"It is false, sir!" answered the earl, gazing on him fixedly. "Whoever I am, I came not here as a spy."

"Do you mean to deny your name, my lord?" demanded Colonel Hotham.

"I mean to answer no questions, sir," said the earl, "but merely to give you the lie in your teeth, when you assert a falsehood. I stand upon your father's safe-conduct, and call him to witness that he gave it to me."

"The pass I tore was not in favour of the Earl of Beverley," replied the officer; "and that you are he will soon be proved, though I thought fit to call upon these men first. Ask Colonel Jackson to step hither," he continued, speaking to the guard, "and the two other gentlemen in the red room."

The name he mentioned was familiar to the ear of Lord Beverley, who remembered that Colonel Jackson was in the hall where he had had his first interview with Sir John Hotham, but, owing to the disguise which he had assumed, had not recognised him on that occasion. He could little hope, however, that the parliamentary officer would fail to do so now, when his attention was particularly drawn to the examination, and the matter was but too soon decided. Three gentlemen were one by one introduced into the room, and told to examine the earl and state who he was; and each, though with apparent reluctance, pronounced the words, "Lord Beverley."

"The case is clear, gentlemen," said Colonel Hotham. "The Earl of Beverley, under a feigned name and with an invalid pass, has introduced himself into this garrison. It is for you to say, whether, under these circumstances, he is or is not a spy, and subject to the invariable law of such cases."

"Remembering always," rejoined the earl, "that you have no proof that the safe-conduct was invalid, Colonel Hotham having torn it, so that it has never been beneath your eyes; and not forgetting that, even supposing this to be a lawfully-constituted court-martial--which I deny, he having no authority to summon one--he has refused to call the only witness I judged necessary to my defence."

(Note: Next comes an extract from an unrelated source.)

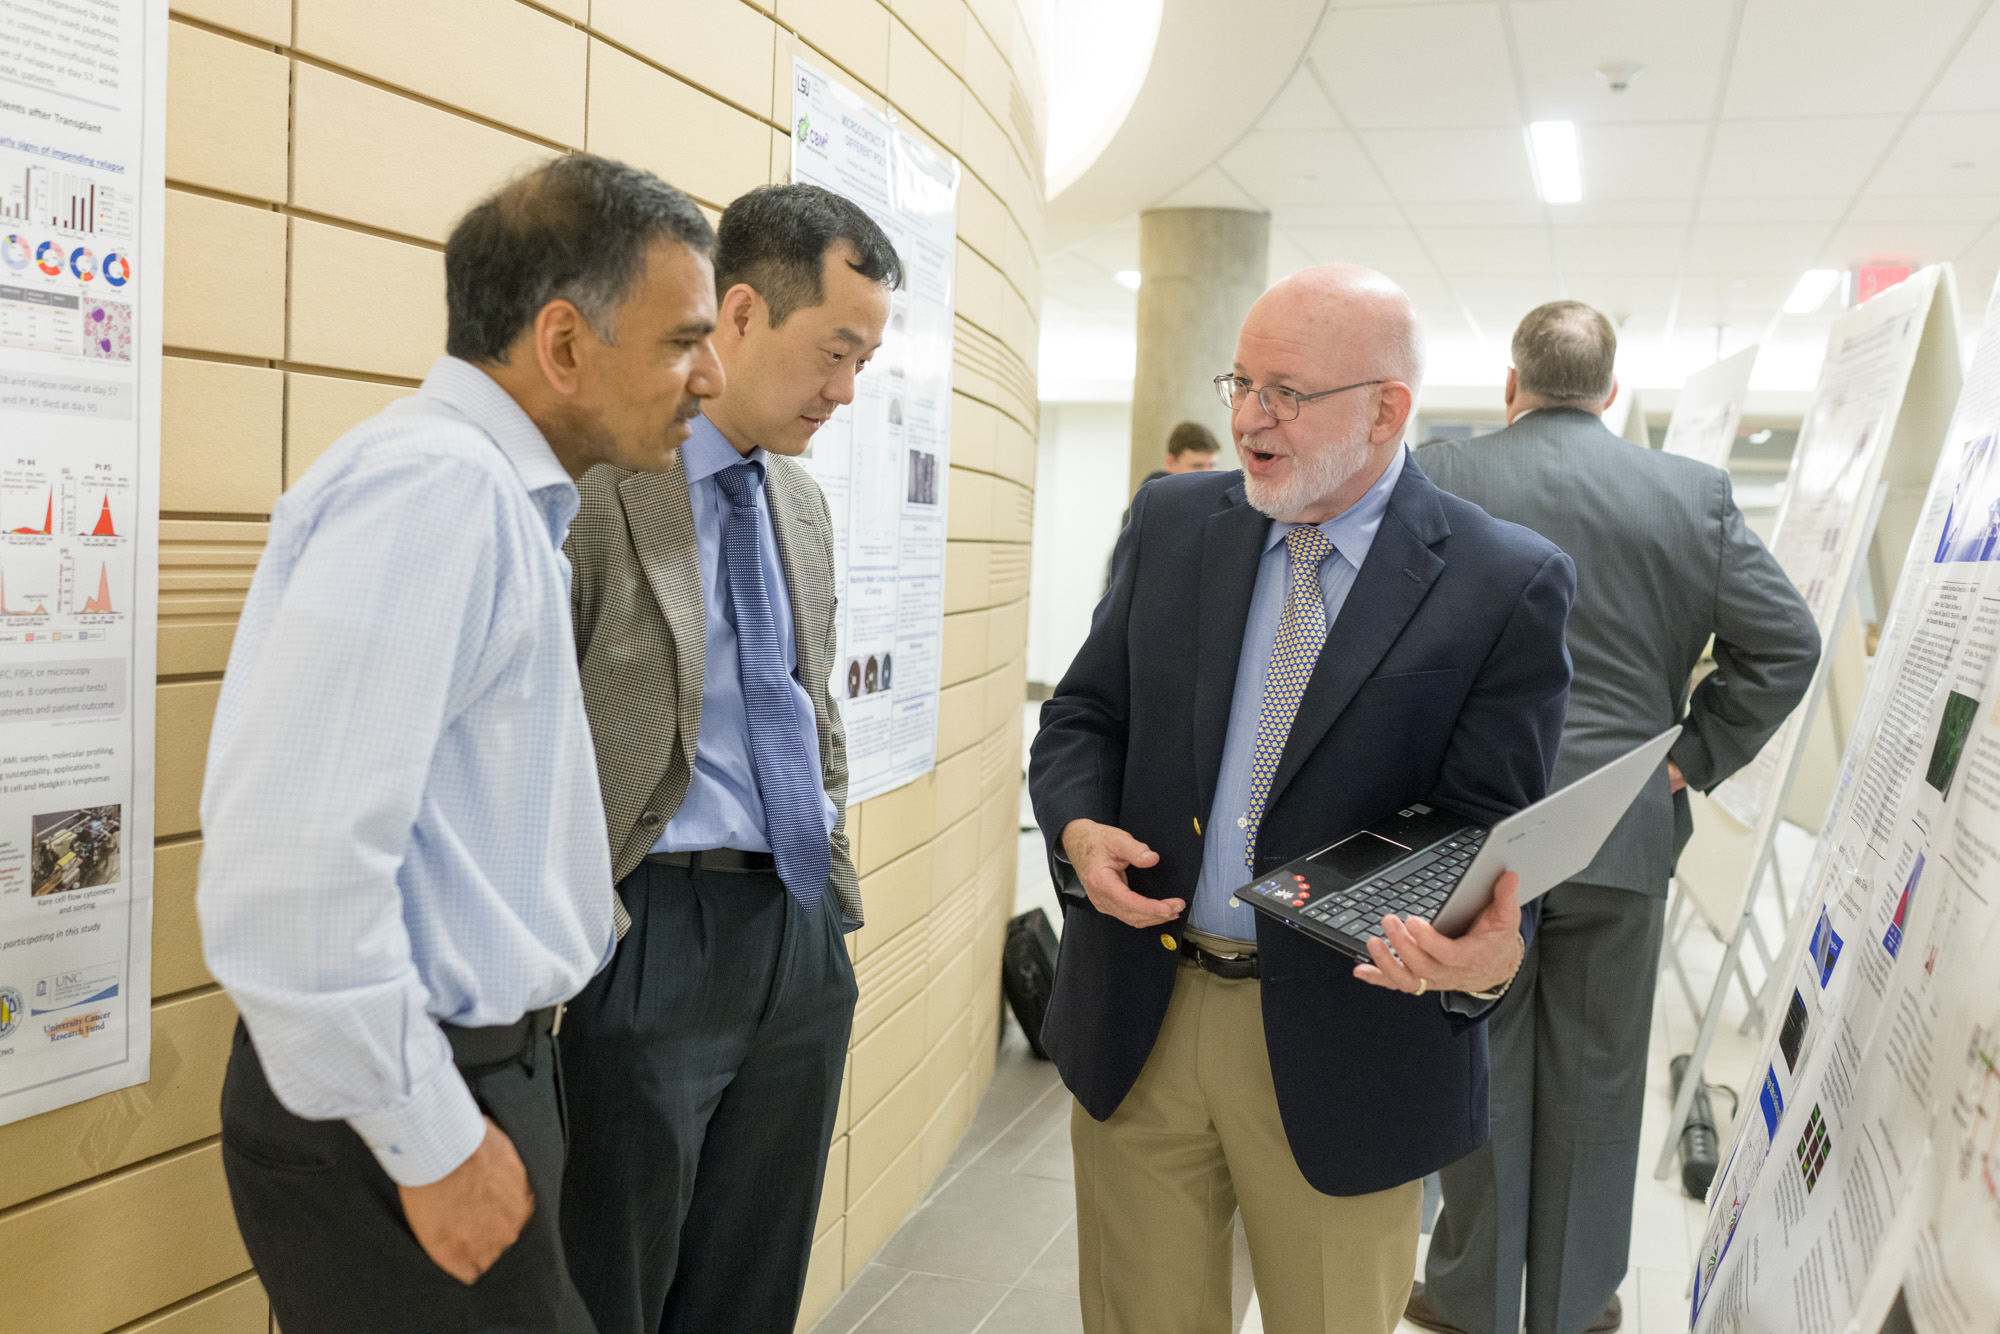 Three professionals discuss scientific posters in a hallway. One gentleman with a laptop shares insights with two other men.

He spoke calmly and firmly, with his cheek perhaps a shade paler than it usually was, but with no other visible sign of emotion, while the countenance of Colonel Hotham, on whom his eyes were fixed, worked with many mingled passions which resisted control.

"This is all vain and foolish!" cried the latter; "I will tell the earl that I have authority, which I should not scruple to exercise, to put him to death at once, but that I have thought it better to give him the chance of this investigation."

"Young man," said the military preacher, addressing Hotham in a solemn tone, "if you give a man in bonds a chance, it should be a fair one. Such has not been afforded the prisoner. Why did you tear the paper? Why do you now refuse to confront him with the witness he calls?--and if that witness be too ill, why not wait till he be well, as he requires? Why not, if not to doom him to death at your pleasure? I will go no farther in this--I wash my hands of this blood."